Apart from time as a distinct issue, “scarcity of hospital pharmacy staff” is pronounced in H-SR and H-CR, accounting for 4/12 (33%) of the FMs as they have a lower staff number. These failures are in line with the WHO's report predicting the ongoing global shortage of health-care professionals to reach 18 million professionals worldwide by 2030 (59). As such, scarcity is also an issue in hospitals employing a larger staff as well (H-AT, H-GR, and H-SP). Partially owing to a “lack of time” and “task prioritization,” health-care professionals do not view “the assessment of antibiotic alternative's appropriateness” as a priority and part of “everyday practice” (H-GR, H-SP, H-CR, and H-SR). Consequently, proper patient clinical status assessments and patient safety could be jeopardized when trying to find a suitable alternative. Inappropriate medicine management also further adds to risk by limiting the ability of health-care professionals to assess the individual patient's needs in a shortage (2).

When staff or time is short, it limits the ability of health-care professionals to find an appropriate alternative. Therefore, alternatives should be established in advance for critical medicines used in the ER and other departments because they are most often affected by shortages (2, 7, 45, 60). When substituting a medicine, it is necessary to have experienced hospital pharmacists perform accurate calculations (4).

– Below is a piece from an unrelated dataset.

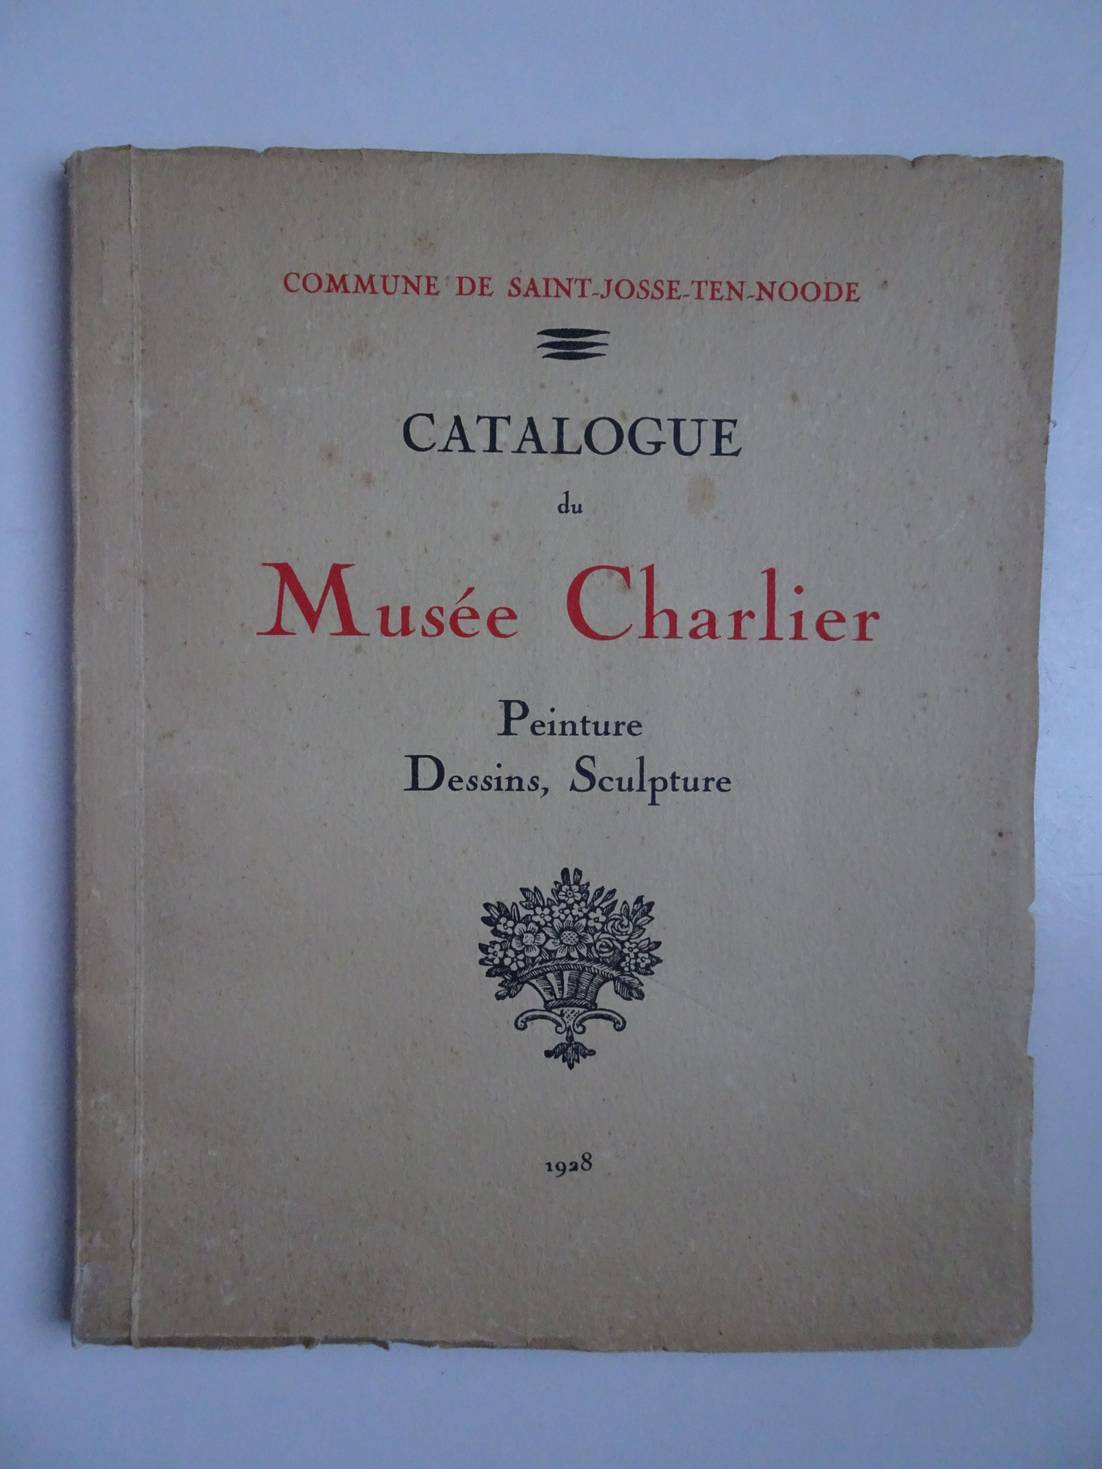 -. - Catalogue du Muse Charlier. Peinture, dessins, sculpture. Commune de Saint-Josse-ten-Noode.

Monitoring and Communication With a Patient Throughout Antibiotic Shortages

In the literature, the focus has shifted from barely reporting and listing shortages to characterizing their impact on patient safety and the harm caused. The literature also proposes a variety of management “strategies,” which are highly needed, as confirmed by findings from the present research (47, 61). Gundlapalli et al. (15) highlight the need for new modalities of managing shortages to be necessary because practitioners are now able to gather data on shortages more quickly than previously (15). However, disseminating data on the clinical impact where insufficient antibiotics substantially affect treatment is still missing (15). Substitution therefore depends on the aggregated data based on the extent of shortages as well as their impact on clinical practice and potential solutions of dealing with the shortage (10, 15).

The HFMEA bears out the need for more effective strategies to overcome shortages through data sharing and monitoring. When an alternative antibiotic is introduced, several research HFMEA study teams had highly scored FMs related to the absence of patient monitoring (H-SP-9, H-SR-9, and H-CR-16, but 12 under partially conducted monitoring). Insufficient checking of the patient's medical records in H-GR (HS = 12) and H-SP (HS = 9) were also found.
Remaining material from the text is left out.